Many states, including Indiana and Illinois, have enacted “stay-at-home” orders for all but essential businesses. So if you find your business in this non-essential category, what do you do with 2 or 3 week of quality time? Could this turn-out to be a gigantic gift?
You can approach these 2 or 3 weeks off in one of two ways, it is really about what you believe. Are we:
1) at the beginning of the great depression as the media would like you to believe or
2) will this slow-down only be a blip on this year’s operating performance.
I’m of the belief that it will be #2. The Coronavirus facts as of today: a) 90% of those tested don’t have it, b) death rate is less than 1% (less than 1 person dies of 100 that are tested), c) it is impacting the older generation worse than anyone else; especially those that have other major health issues, d) more people are dying of the common flu than of the Coronavirus (estimates for flu deaths this season is between 23,000 and 59,000; last season 34,200) and e) the next 10-14 days will be the worst. But there are multiple procedures being tested this week that may be the cure.
This article isn’t for people who believe we are at the beginning of a depression. This is for the people that believe we see the light at the end of the tunnel and this will be a short term blip in the overall scheme of things. So we have 2-3 weeks of time that we normally don’t have at the beginning of spring to do some awesome things. What to do, to maximize the value of these 2-3 weeks?

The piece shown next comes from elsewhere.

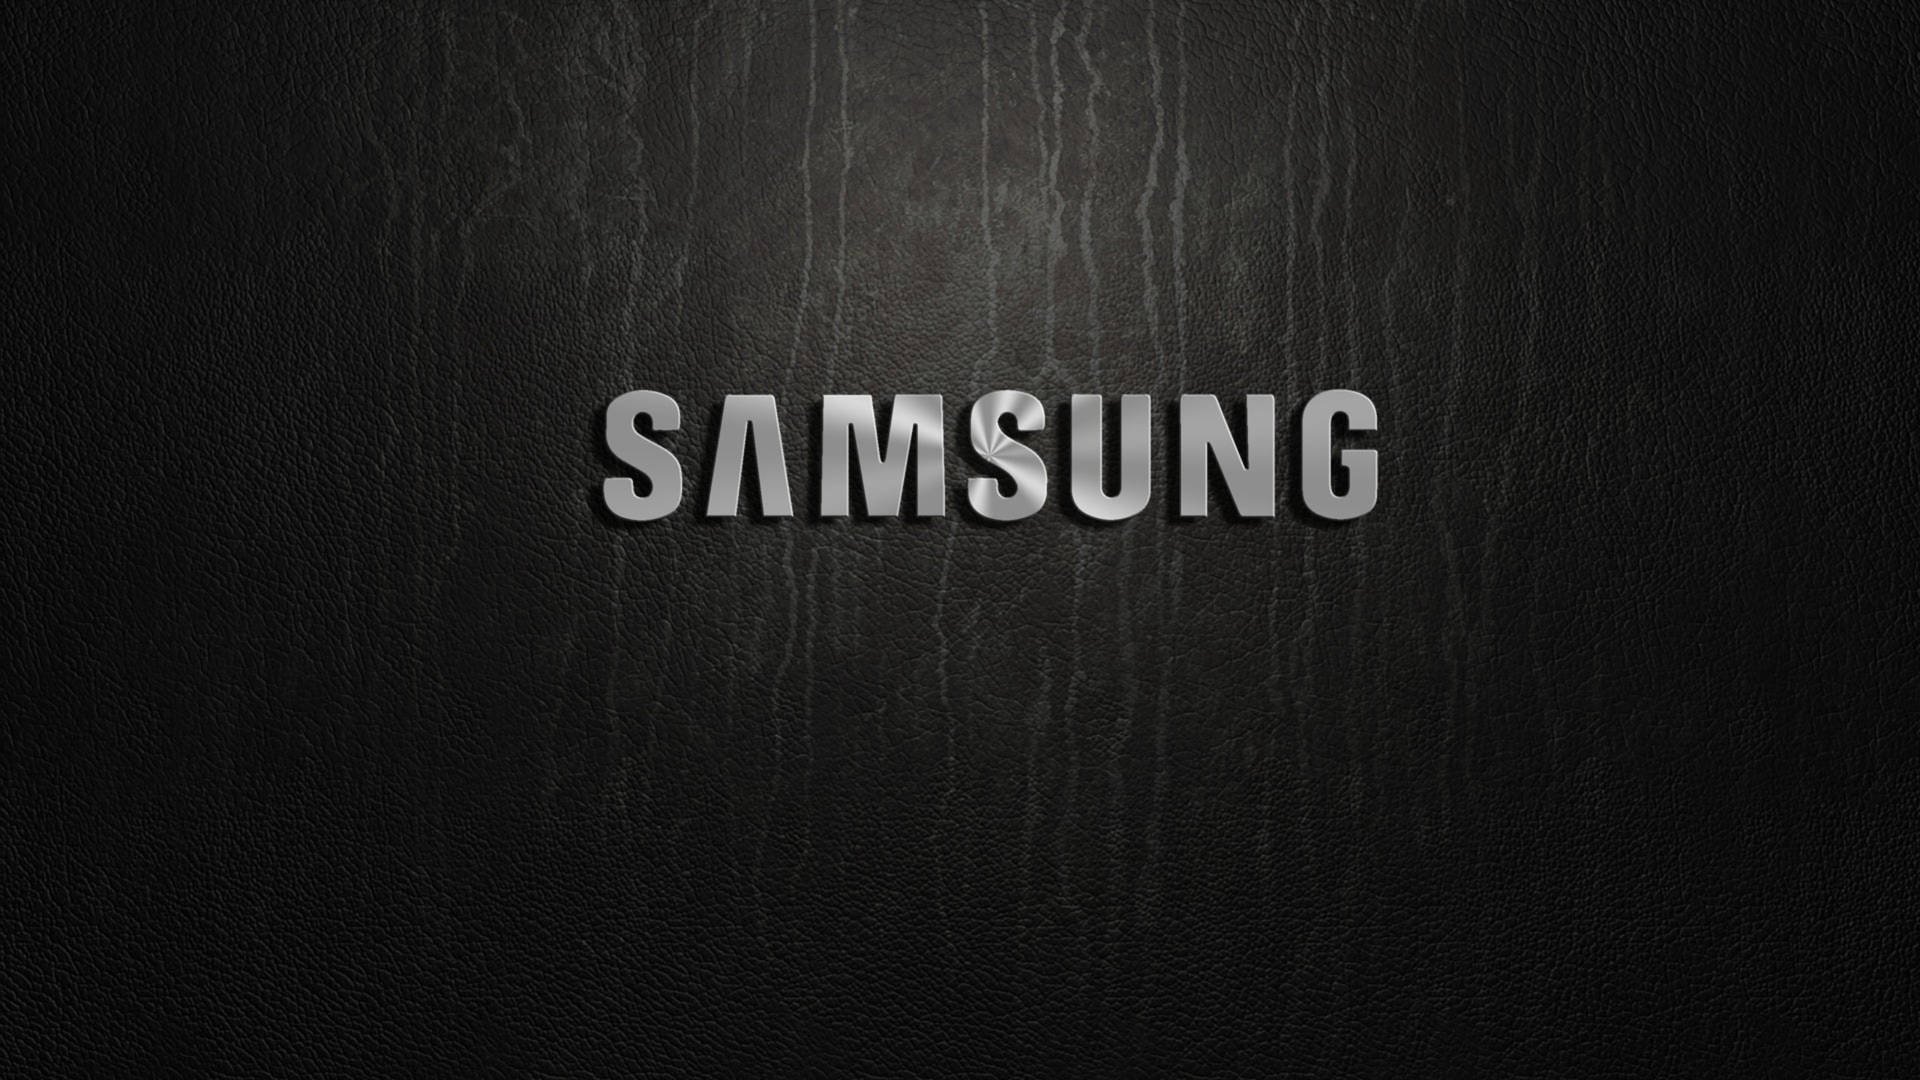 Logotipode Samsung En Color Plata Sobre Fondo Negro. Fondo de pantalla

Here is a list of things you may consider:
· Tune up your marketing plan. If you don’t have one, create one. Marketing is becoming more and more important. Creating leads for your sales people should be a high priority for you and your company. Or fine tune the one that you have make it better by evaluating the data you have been collecting from prior years. What is working and what isn’t? What should you put more resources in ($ and people) and what should you tapper off?
· Create/improve your sales plan. If your organization has sales people, what are their goals for this year, for the month or quarter? What has changed given this shutdown? Have you completely lost sales or can you recover them? How are you challenging your sales people? Are you using: a) inventive programs, b) spiffs, c) education, and d) motivational meetings (frequency of)?

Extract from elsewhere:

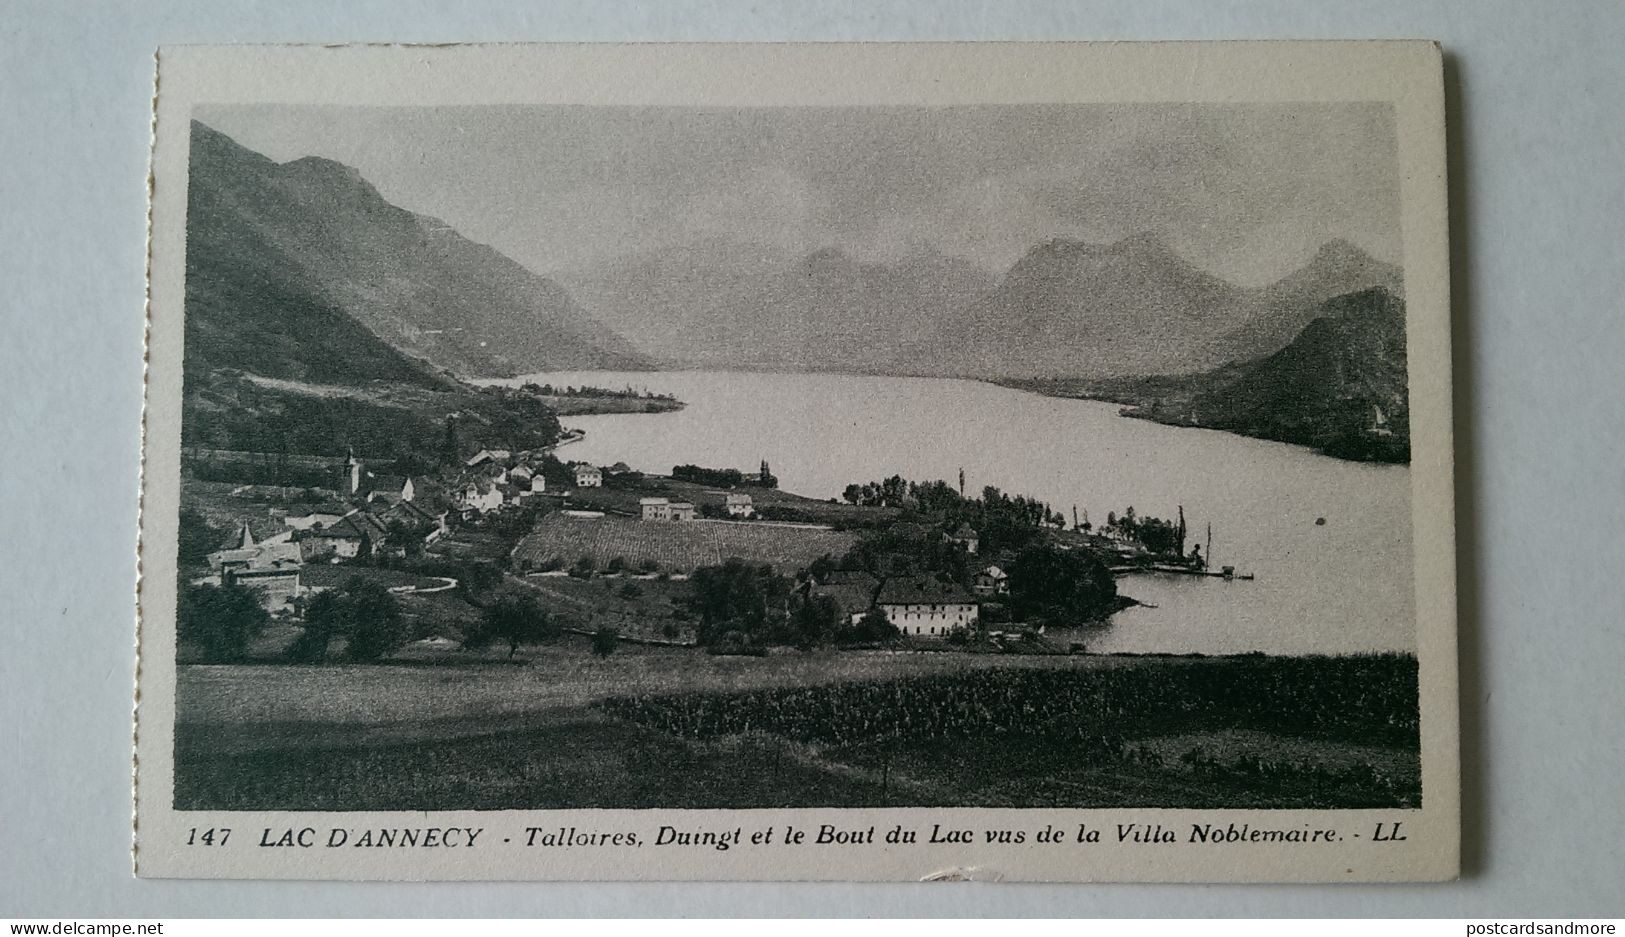 France Annecy Lot of 20 unused postcards Lévy et Neurdein Réunis ca. 1925

· Evaluate your operational assets. With interest rates as low as they are today and with the willingness of banks wanting to loan money, it is a GREAT time to evaluate what assets are costing you more to hold and operate than to get replacements which would be newer and cheaper to operate. Many times you will find that the monthly payment for 3 years on a new(er) vehicle is cheaper than the current maintenance costs.
· Evaluate your PROFIT plan for 2020. This medical shutdown will create changes in revenue, expenses and profitability. Have you re-adjusted your profit plan for March, April, May, June, July, and August? Can you make up that profit that will be lost in the first ½ of the year in the last half? If an economic outlook for the next 12-24 months would help you, email me for my monthly report. If you don’t have a profit plan for this year by month, you can also contact me for help in creating one. A smart business man once told me, there is a higher probability of hitting your profit target for the year, IF YOU HAVE ONE.
· Evaluate your balance sheet. Given long term rates are now in the low single digits, it is a perfect time to evaluate your working capital and restructure your long term debt, especially if you haven’t done that in a while. Improving your working capital enables you to take discounts on material purchases, fund clients who need longer payment terms and make more money. I recently talked to a business owner outside of Chicago that won’t take on higher margin work (40% vs 25%) because the lower margin work turned quicker into cash and the higher margin work (more profitable) took longer to get paid. He has a balance sheet problem. You might be in a great position to re-structure your balance sheet to build up your working capital. We have a quick way of evaluating that for you, just contact me.
· Evaluate your people. Most businesses have employees that are on the bubble, they are useful; but not at the quality you really want. Maybe now is a good time to furlough them and see how things run without them for a while. Re-work your organizational chart and make sure everyone understands who they work for by displaying it.
· Evaluate your communication process. Do your key people really understand your goals and objectives for 2020? What are you doing on a consistent basis to re-enforce these? When you ask people down the organizational chart to tell you the goals for their department (or company) this year, do they know?
These two weeks of down time is a great time to do something you never had the time to do in the past. This maybe a great opportunity to get more things done than you ever thought possible.